Tips for Avoiding Plagiarism

We’re all inundated with information from business and trade publications, e-zines, newspapers, TV, and radio – so it is very easy to incorporate an idea you’ve heard or read about without attributing the original source.

This is especially true if you read the same idea over and over. For example, I receive articles and e-zines weekly whose authors tell me, “Don’t use the word ‘free’ in subject headlines or body copy because the email won’t get past the SPAM blockers.” I often wonder, would I have to quote anyone if I were to write an article on this topic? Can this “fact” now be considered common knowledge or part of the public domain?

I would argue that no, it isn’t common knowledge; therefore I need to give someone attribution.

To avoid a scandal or any breach of ethics, you must ensure you have given credit where it is due. According to the University of Illinois at Urbana-Champaign’s Graduate School of Library and Information Science, you must give attribution for the following:

  • Another person’s idea, opinion, or theory.
  • Any piece of information that isn’t common knowledge, including facts, statistics, graphs, and drawings.
  • Quotations of another person’s spoken or written words.
  • A paraphrase of another person’s spoken or written words.

UC Davis Student Judicial Affairs Web page goes even further. Citing Brenda Spratt’s “Writing from Sources,” UC Davis defines others’ work as “original ideas . . . art, graphics, computer programs, music and other creative expression.”

Both Web sites give excellent guidelines for avoiding inadvertently plagiarizing another’s work. General guidelines from the UC Davis include:

  • Using your own words and ideas.
  • Paraphrasing by reading over material first, covering it up, and then writing out your idea without looking at the text.
  • Always adding quotation marks when quoting word for word.
  • Citing the source and page number (or URL) when taking notes.
  • Avoiding cutting and pasting information from the Web directly into documents in progress without noting the source.

Protecting copyrighted material

Once you place information on your corporate Web site, it can be difficult to keep track of where it is being used.

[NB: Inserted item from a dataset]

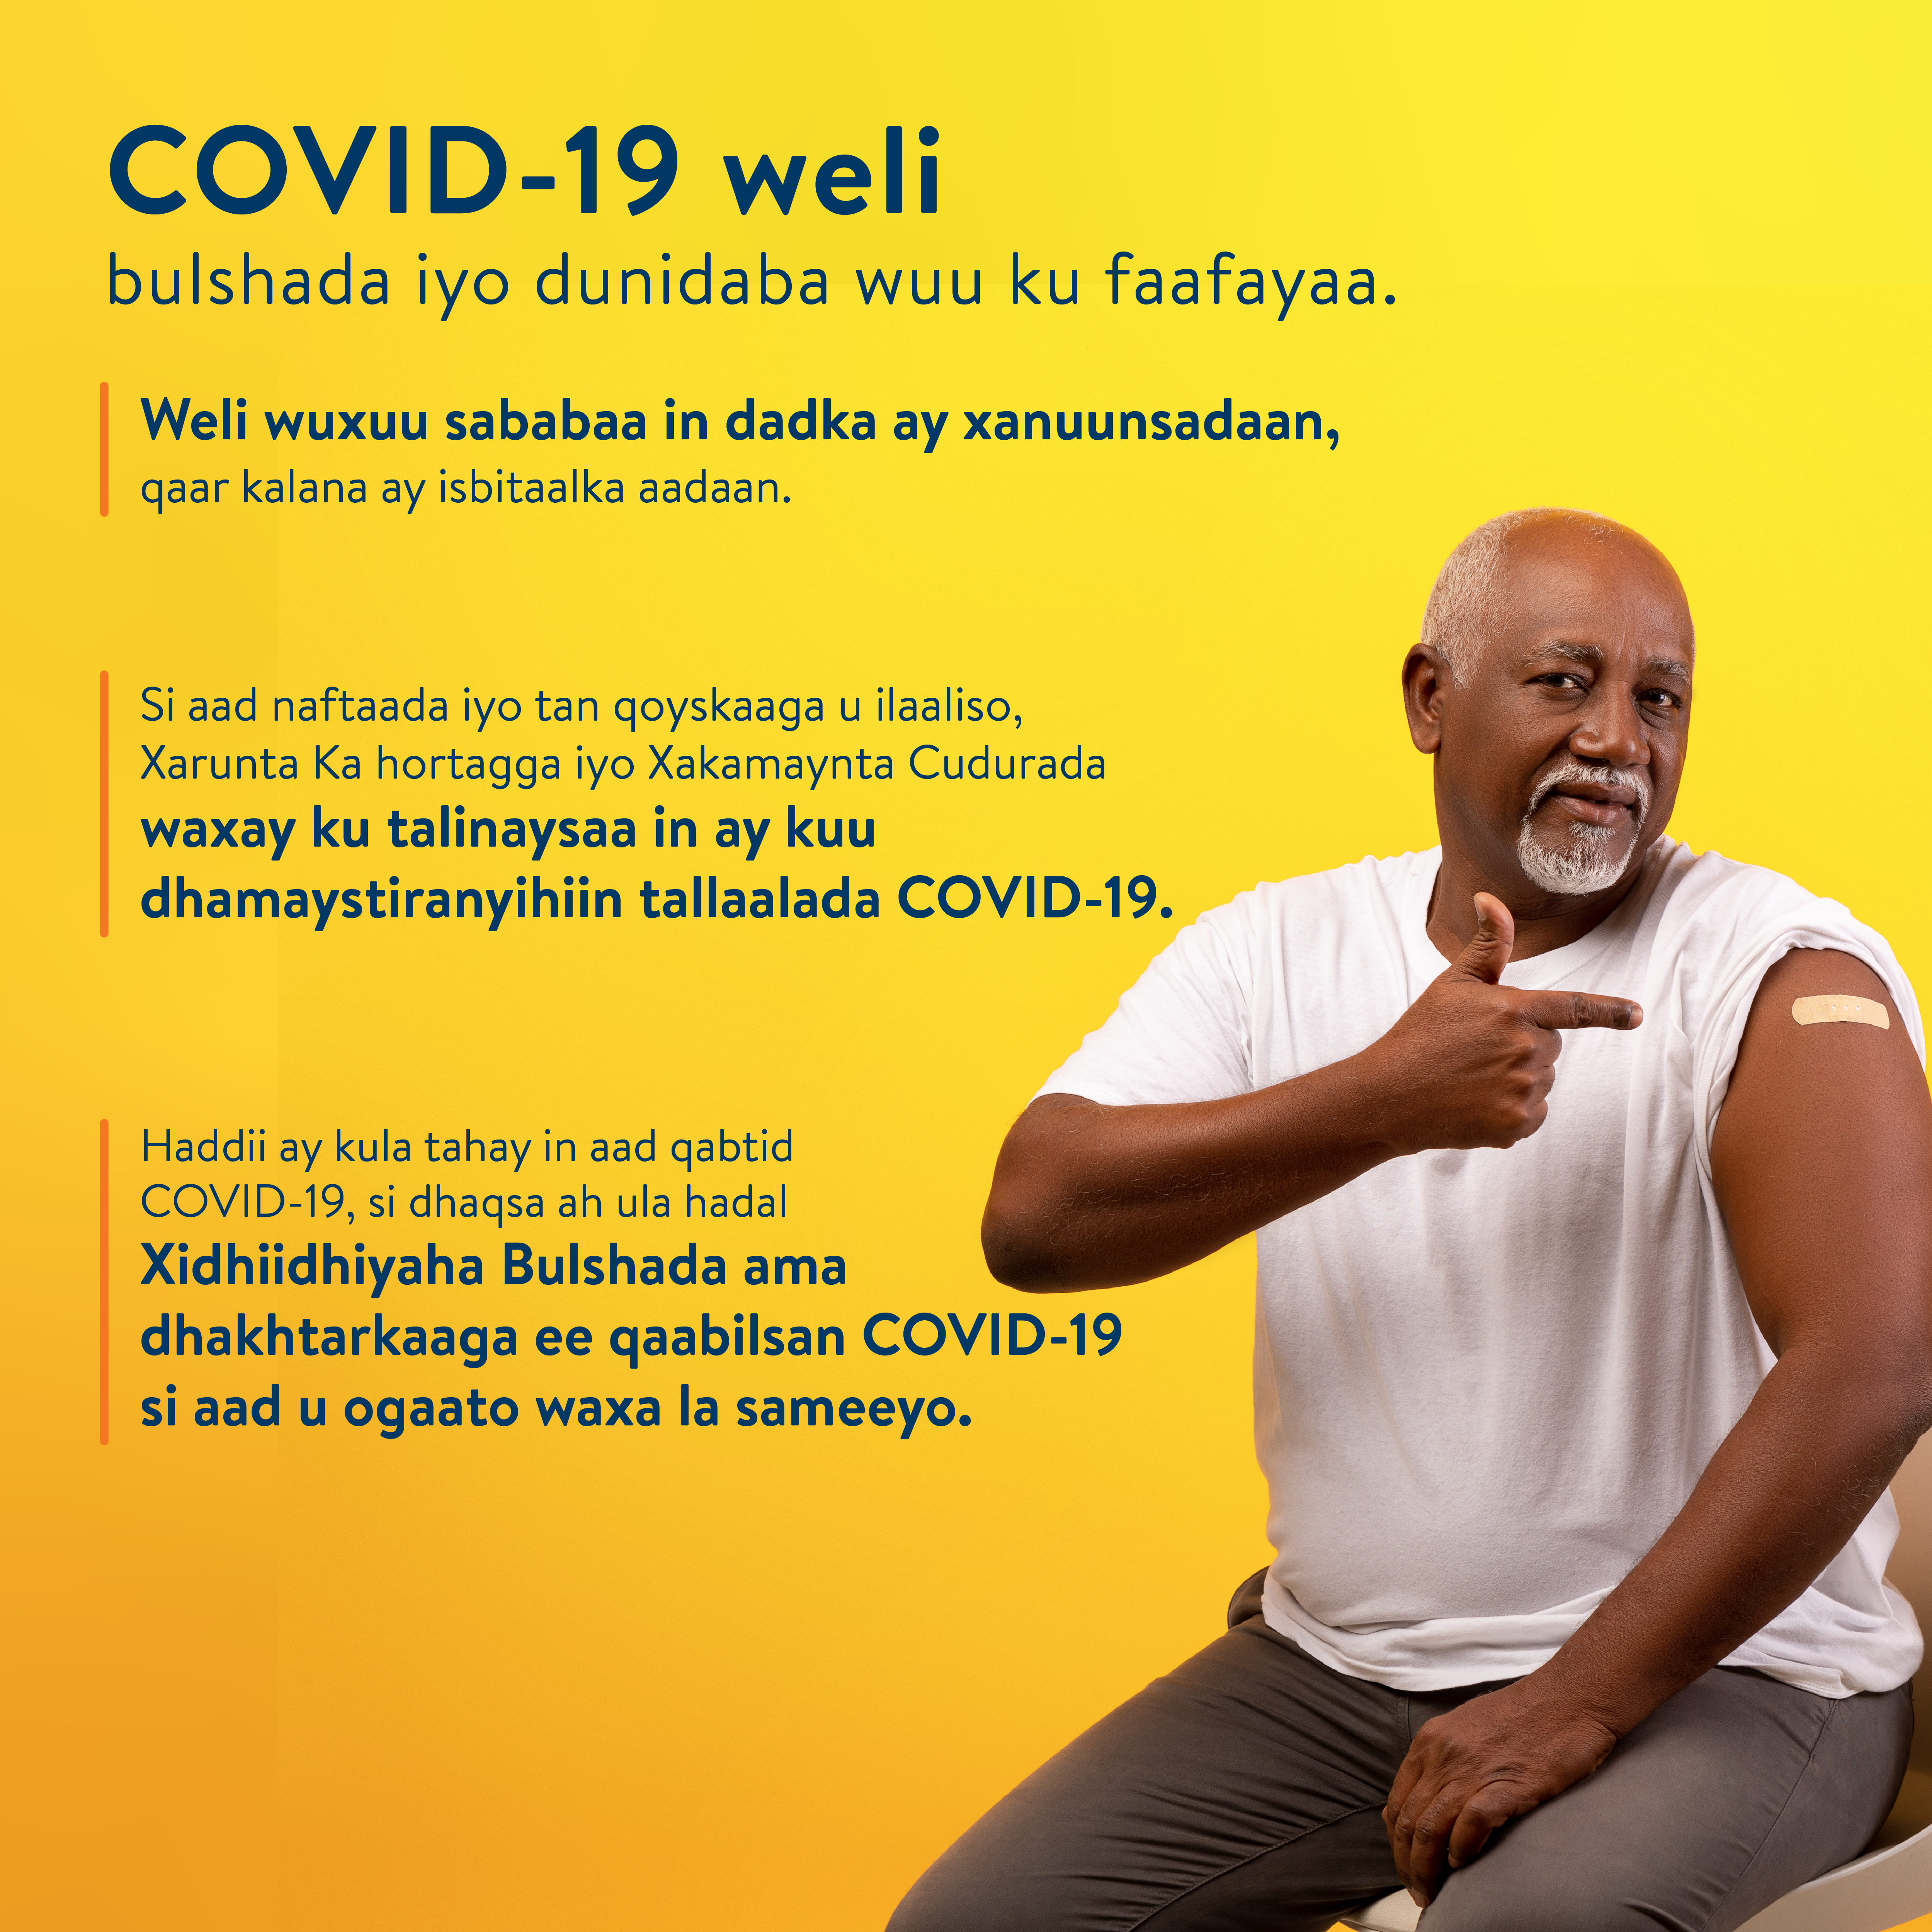 COVID-19 is still spreading in Somali, image for social media

Other sites will link to yours, content can and will be quoted out of context or misused, and pages can be printed out and photocopied for distribution in classes, lectures, or seminars.

One recommendation is to conduct a search of your company name on the major search engines to see what pops up. If you believe another company or entity is misusing your copyrighted material, contact them asking them to remove the content or link or to give you attribution. Depending on the severity of the problem, you may have to resort to legal recourse.

Always include a copyright notice all your materials – including print and electronic media, software, illustrations, and photos. Companies such as Kinko’s and one-hour photo shops either cannot reprint certain copyrighted materials or are limited in their service to do so.

Plagiarism is a serious accusation for anyone. To ensure you aren’t inadvertently using others’ material, consult scholarly or journalistic guidelines for the correct forms of attribution – and remember to always give credit where credit is due.